Analytical Techniques
Creatine kinase activity released from simulated
ischemic-stressed and control cardiomyocytes as
well as that remaining in the myocytes was determined with a CPK kit
(Sigma Diagnostics). Lactate dehydrogenase activity
released from simulated ischemic-stressed and control H9 c2
cells as well as that remaining in the cells was determined with an LD
kit (Sigma Diagnostics). In both cases, cytoplasmic enzyme
released is shown as a percent released over that of control cells
after normalization by the total protein content of each individual
plate. Cell survival was also measured with an in vitro toxicology
assay kit (Sigma, No. TOX-2), which is based on the function of
mitochondrial activity in vital cells. The assay was carried out as
recommended by the manufacturer's instructions in 96-well multiwell
plates in which 105 cardiomyocytes per well
were plated. The multiwell plates were spectrophotometrically measured
at 450 nm with a microplate reader.
Statistical Analysis
Results are expressed as mean±SEM. The statistical
analysis was carried out with a Student's t test,
and results were interpreted to be significantly different when
P<.05.
| Results |
|---|
|
|
|---|
For this purpose, we constructed a replication-deficient recombinant
adenoviral vector containing human HSP60,18
HSP10,14 and a combination of the two genes. The general
strategy used to introduce a foreign gene into the E1 region of the
replication-deficient adenoviral vector is shown schematically in Fig 1A
(see "Methods" section). In
addition, we also generated a control adenoviral construct using the
same scheme with the exception that it lacks an insert. Fig 1B
shows
the organization of the different inserts within our adenoviral
constructs, including our control adenoviral vector (AdSR), the
constructs containing HSP10 (Adhsp10) and HSP60 (Adhsp60) under the
transcriptional control of the human CMV enhancer-promoter, followed by
the SV40 polyadenylation signals, and the construct containing both
HSP10 and HSP60 (Adhsp10/60).
|
To characterize the levels of infection and expression achieved with
our adenoviral constructs, we initially prepared total RNA from H9 c2
cells and rat neonatal cardiomyocytes that had been
infected 48 hours previously with our adenoviral constructs. Fig 2A
shows a representative
Northern blot analysis of total RNA from H9 c2 cells infected
with the different adenoviral constructs. Northern blots were
hybridized and rehybridized consecutively with DNA probes to human
HSP60 and HSP10 and rat ß-actin. Fig 2B
shows the results of
densitometric scanning of the resulting Northern blots to quantify the
levels of expression obtained from the different adenoviral constructs.

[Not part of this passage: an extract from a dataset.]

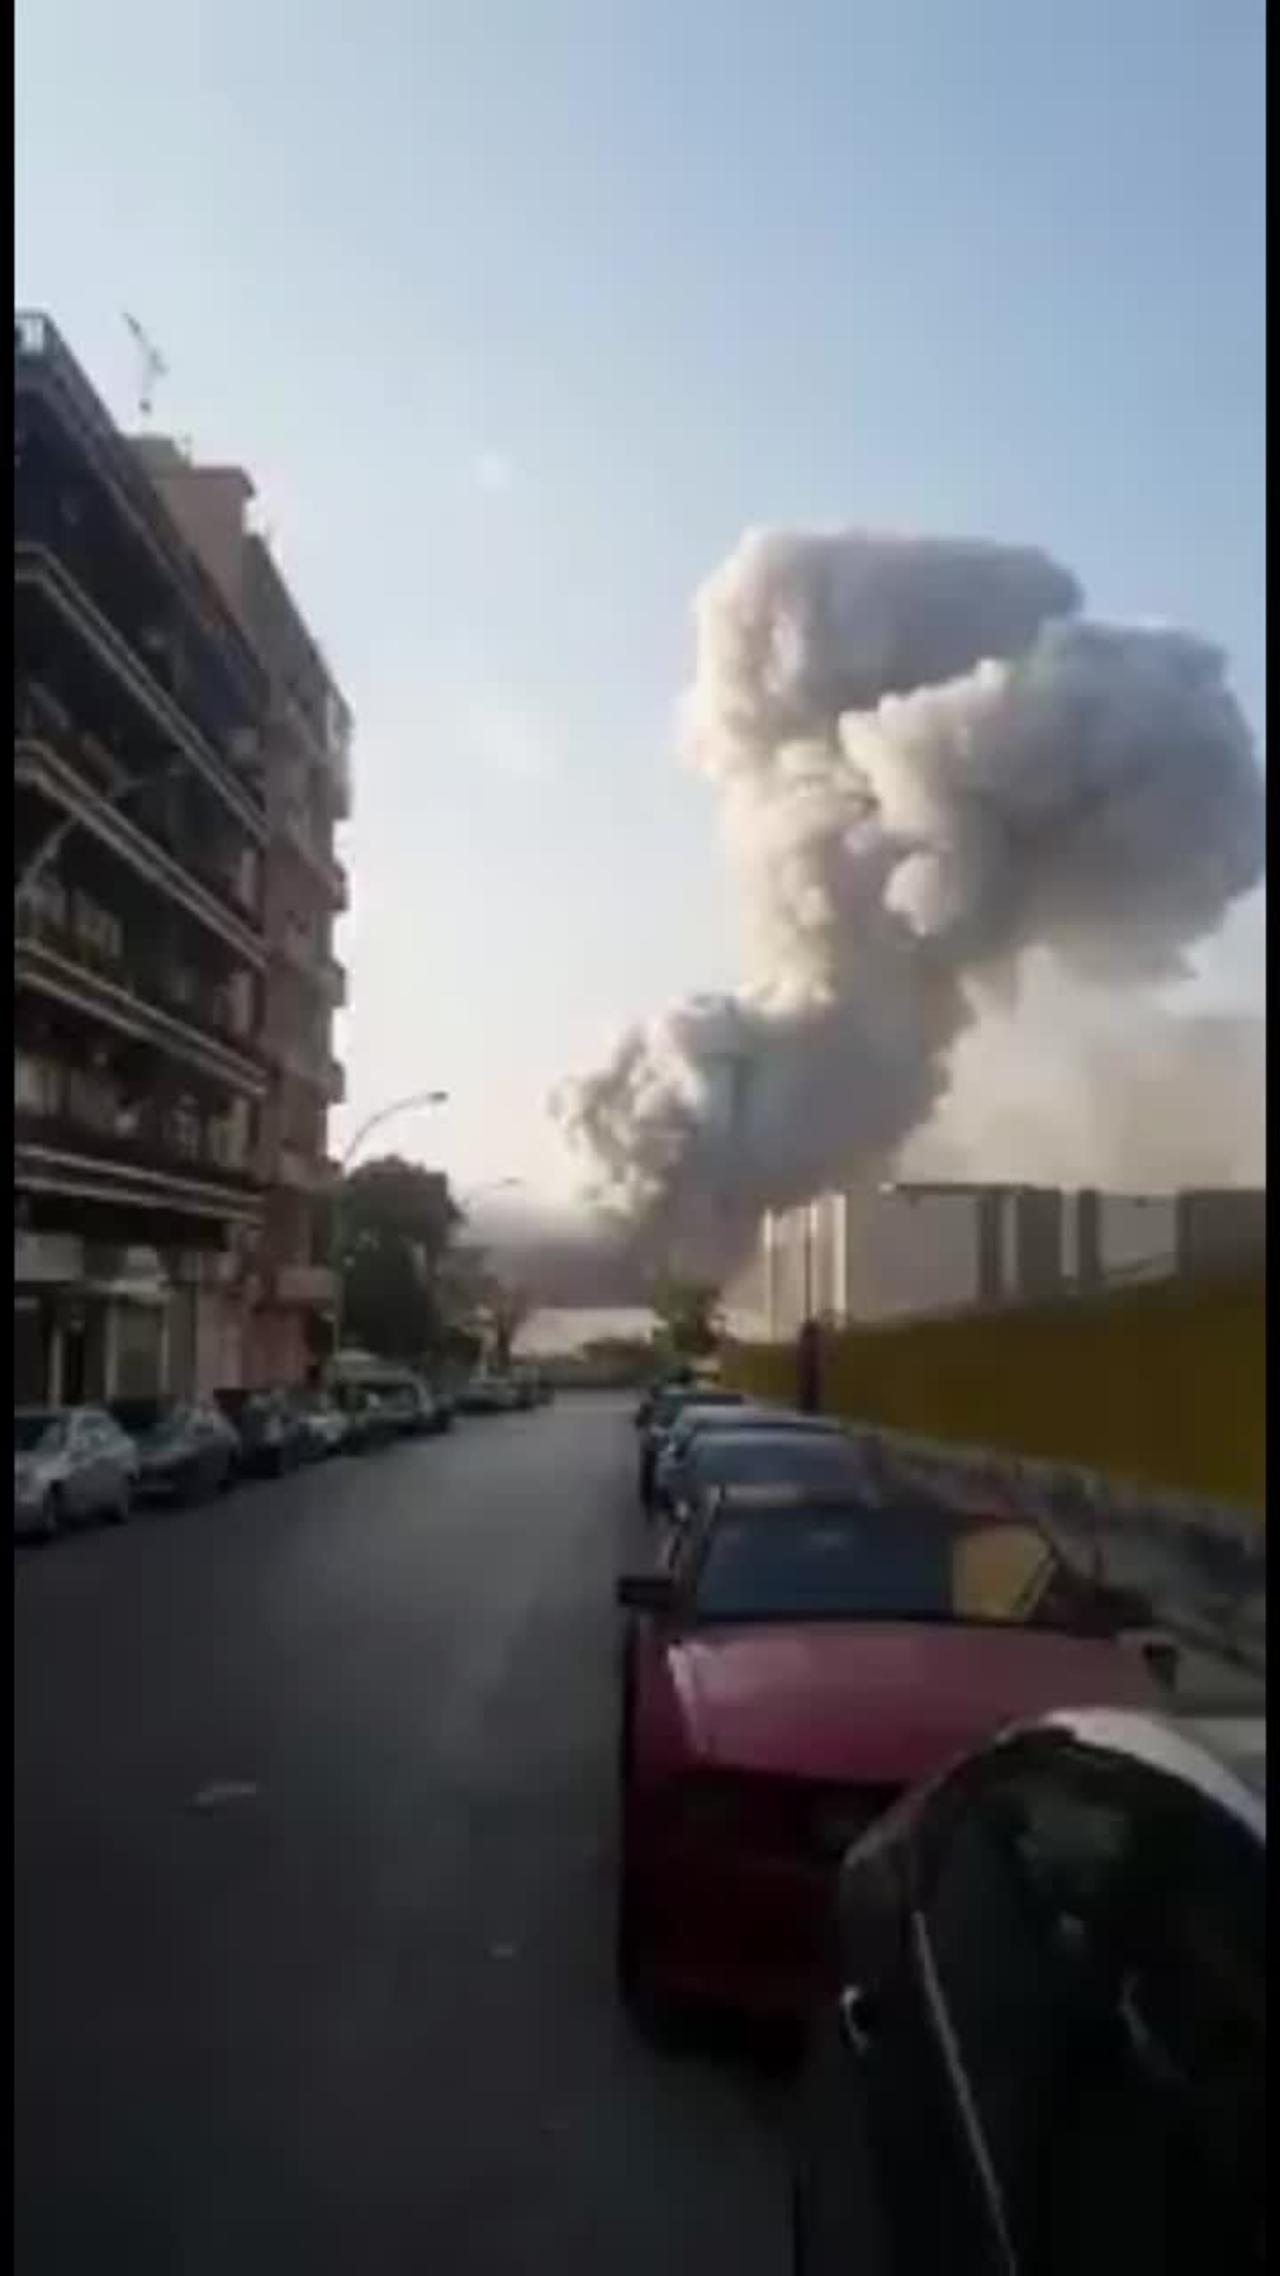 BEIRUT 2020 - Explosion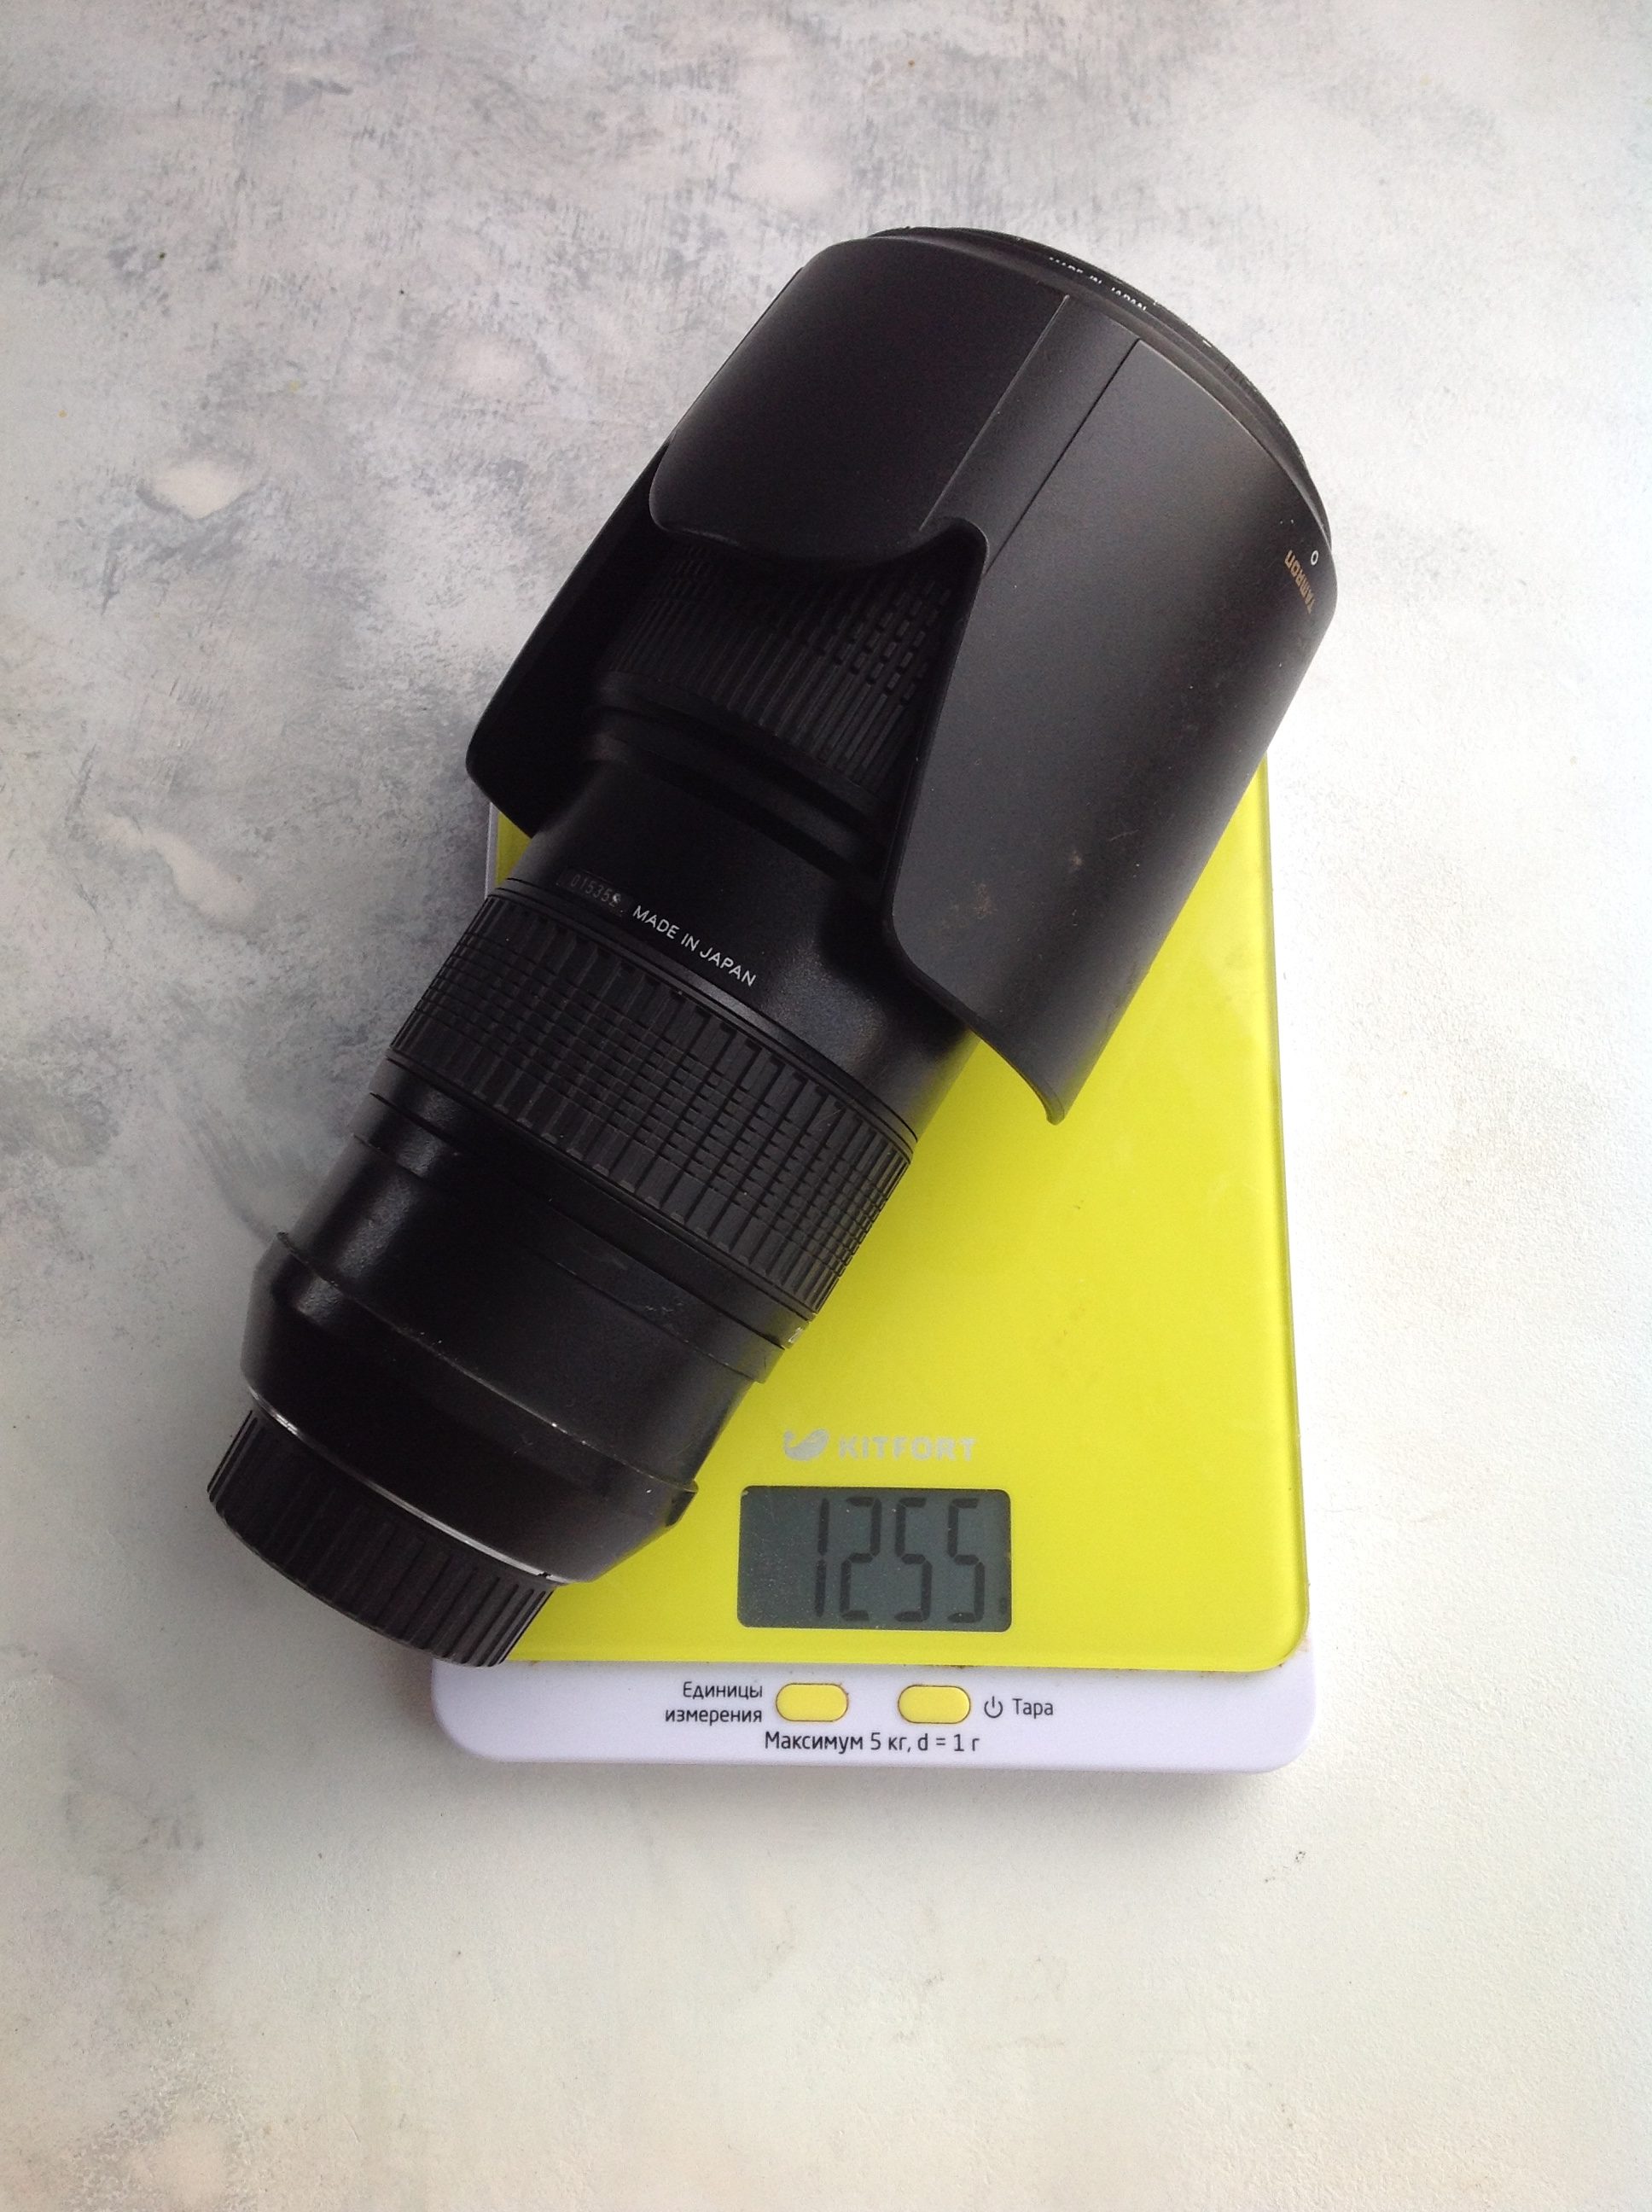 weight of a tamron 70-200 2.8 lens

As can be observed, significant expression of the infected transgene is
obtained with all three of our adenoviral constructs (Adhsp60, Adhsp10,
and Adhsp10/60). Surprisingly, the adenoviral construct
containing both hsps (Adhsp10/60) consistently expressed higher
levels of HSP10 than the construct containing HSP10 alone (Adhsp10) but
at the same time expressed lower levels of HSP60 than the construct
containing HSP60 alone (Adhsp60).
|
H9 c2 cells that had been infected 48 hours previously with our
adenoviral constructs were also metabolically labeled with
[35S]methionine. Total protein extracts were prepared
from these cardiomyocytes and fractionated by 4% to 20%
gradient SDS-PAGE, enhanced, dried, and exposed to x-ray film (see
"Methods" section). Fig 3A
and 3B
shows representative results of such an
analysis. As can be seen, a significant amount of HSP60 protein
is synthesized by H9 c2 cells infected with the Adhsp60 construct (Fig 3A
). H9 c2 cells infected with the Adhsp10/60 construct also exhibit
increased expression of HSP60 as well as HSP10 (Fig 3B
), although to a
lesser extent. Unfortunately, the level of HSP10 expressed by cells
infected with Adhsp10 was barely detectable (Fig 3B
). One explanation
for this result may be the lower level of expression of HSP10 achieved
by the Adhsp10 construct compared with the Adhsp10/60 construct at the
messenger RNA level (Fig 2B
). Furthermore, the small molecular size of
HSP10 results in weaker labeling, mainly because of the smaller number
of amino acids available to be labeled. To elucidate whether our
Adhsp10 construct was truly overexpressing any HSP10 at the protein
level, we obtained a rabbit polyclonal antibody raised against the
human HSP10 and kindly provided by Dr J. Chen, Tufts University,
Boston, Mass.14 Although in our hands, this antibody did
not produce adequate Western blots because of technical problems (data
not shown), it was found to be very useful for immunoprecipitation. Fig 3C
shows the result of our immunoprecipitation analysis on
metabolically labeled proteins from H9 c2 cells infected
with our adenoviral constructs as well as cells that were heat shocked
and untreated (control). Approximately 106 cpm per protein
sample was immunoprecipitated with the polyclonal antibody against
HSP10, and the resulting immunoprecipitated proteins were fractionated
by 4% to 20% gradient SDS-PAGE, enhanced, dried, and exposed to x-ray
film. As can be observed, heat shock induces the expression of a
significant amount of HSP10; also, one can observe the expression of
HSP10 originating from the adenoviral constructs Adhsp10 and
Adhsp10/60.
|
To directly assess the level of overexpression of HSP10 and HSP60
achieved with our adenoviral constructs, we performed
immunocytochemistry on cardiomyocytes infected with the
different constructs. Fig 4
shows the
results of such an analysis. Fig 4A
presents a rat neonatal
cardiomyocyte infected with our control adenoviral
construct (AdSR) and reacted with a monoclonal antibody against HSP60
and subsequently developed with VectorRed, which produces the red
coloration at the sites at which the antibody has detected the antigen.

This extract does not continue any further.